Selling, General and Administrative Expenses
Selling, general and administrative expenses include employee compensation consisting of salaries, incentives, stock-based compensation and other benefits for sales and indirect administrative functions such as executive, finance, legal, human resources and information technology, not included within cost of revenue. In addition, selling, general and administrative expenses include services and materials expenses such as third-party consultancy costs, facility costs, internal research and development costs as well as legal and accounting fees, travel, marketing, bad debt and non-chargeable materials and supplies. Selling, general and administrative expenses also include depreciation and amortization.
Restructuring
On November 4, 2025, the Company announced an expense reduction initiative to further improve the operating model and exit certain lines of business that are no longer considered strategically important to the Company (the “Restructuring Plan”). Costs incurred in connection with the Company’s restructuring actions, including the Restructuring Plan, consist of employee-separation costs, facility exit costs, as well as professional services. Refer to Item 1, “Notes to the Condensed Consolidated Financial Statements”, Note 15, “Restructuring” for further details.
Operating Income
Operating income is calculated as revenue less cost of revenue, selling, general and administrative expenses and restructuring.
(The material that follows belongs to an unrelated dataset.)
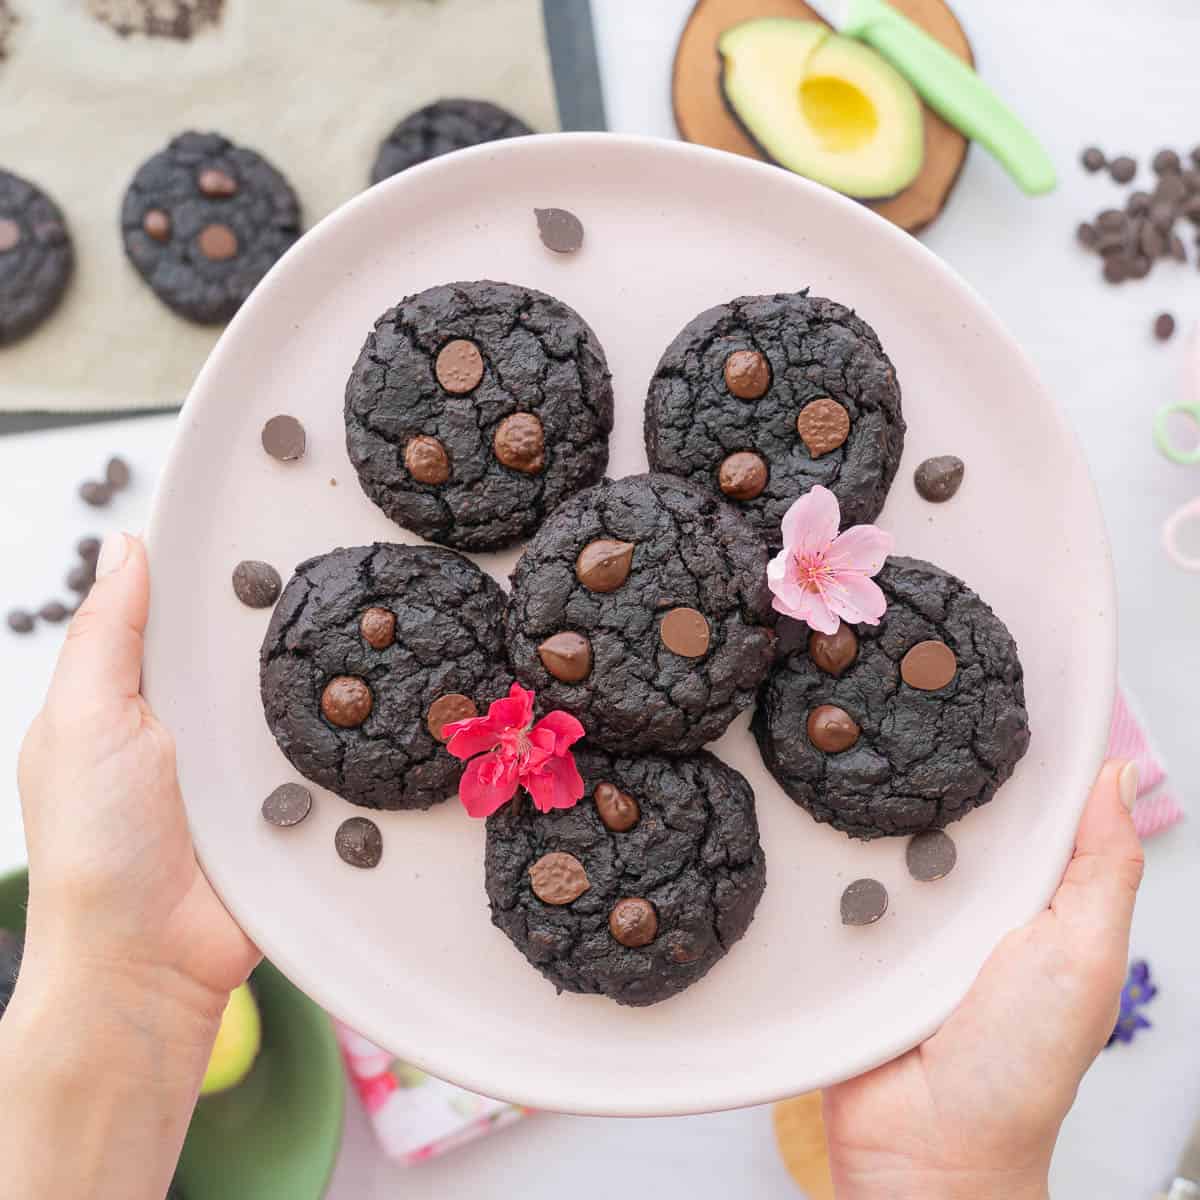 Six chocolate cookies on a pale pink plate scattered with edible flowers.

Operating income margin is calculated as operating income as a percentage of revenue.
Components of Operating Income Change
The Company uses Organic, Acquisition / Divestiture and FX to explain the change in operating income from period to period. Operating income change is calculated as the percentage change in operating income in one period relative to the prior period’s operating income and is a key financial measure that the Company uses to manage its business. The Company defines these components of operating income as follows:
“Organic” reflects total operating income change in a given period excluding Acquisition / Divestiture and FX in that same period, expressed in dollars or as a percentage of operating income in the prior period.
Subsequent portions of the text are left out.